She said the SAEF program was important because it supported research in areas of Antarctica that were ice-free, whereas most focused on glaciated parts of the continent; however, these ice-free areas were going to expand and have a bigger influence on weather patterns in the future.
For Ms Watson, part of her work with SAEF is educating the general public about Antarctica and the issues it is facing, particularly in Australia, being as close as it is.
"I really think we have a responsibility to be guardians for Antarctica," she said.
What is Securing Antarctica's Environmental Future?
A team of researchers from different disciplines and different countries have come together to work out how to care for Antarctica in the face of environmental change.
Securing Antarctica's Environmental Future (SAEF) is a seven-year, $48 million research initiative largely funded by the Australian Research Council.
Its main office is at Monash University in Melbourne but it has hubs at University of Wollongong and the Queensland University of Technology.

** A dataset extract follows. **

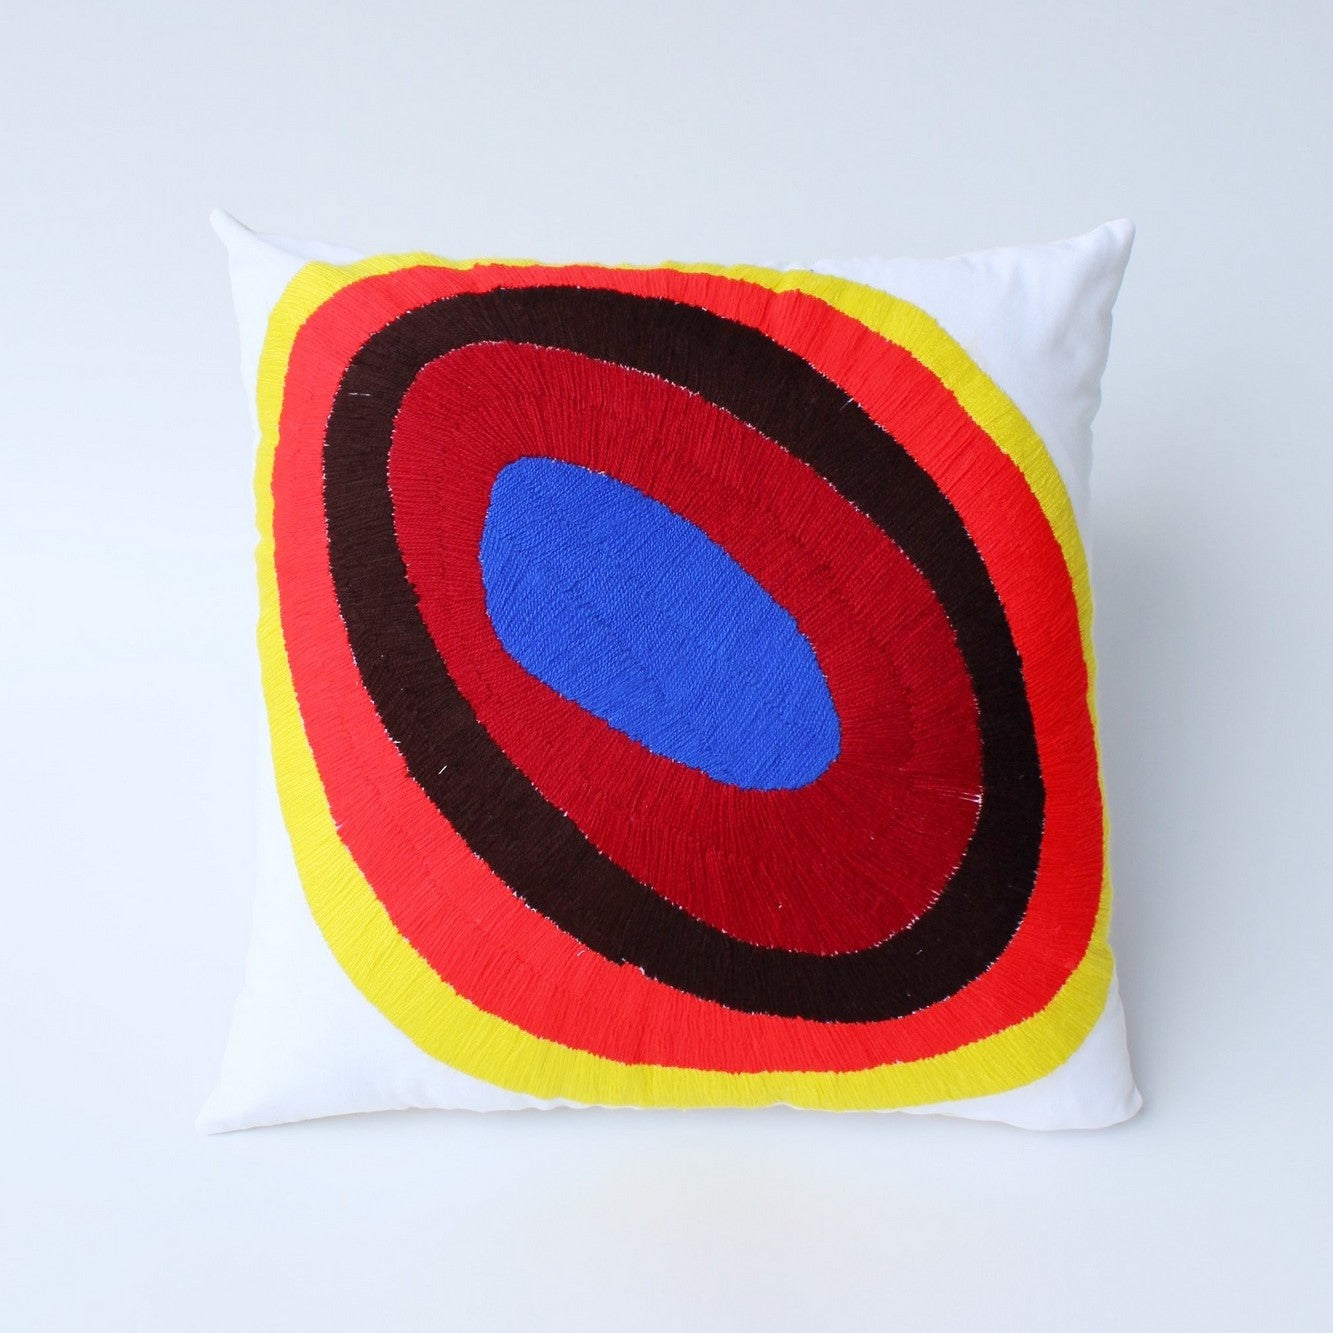 Embroidered pillow cover 16"x16"- Circles BLACK

Partners include other Australian universities, museums and government agencies, as well as institutions in several other countries.
"It's great because what it's allowing us to do is... work together, across multiple institutions, bring people together and try to answer much bigger questions," UOW's Professor Sharon Robinson, the SAEF deputy director of science implementation, said.
Professor Robinson said the initiative was shaped around key themes.
"We have an environmental theme, which is looking at how ice sheets are changing and the climate systems that affect Antarctica and how they affect Australia, because a lot of our weather is influenced by what's going on in Antarctica and the Southern Ocean," she said.
Biodiversity was another theme, she said, while the third was "taking that science and then working out what we can do with that to ensure we have better management options for Antarctica going forward".
Professor Robinson said training the next generation of scientists and researchers, to move the work forward in the future, was also a vital part of the program.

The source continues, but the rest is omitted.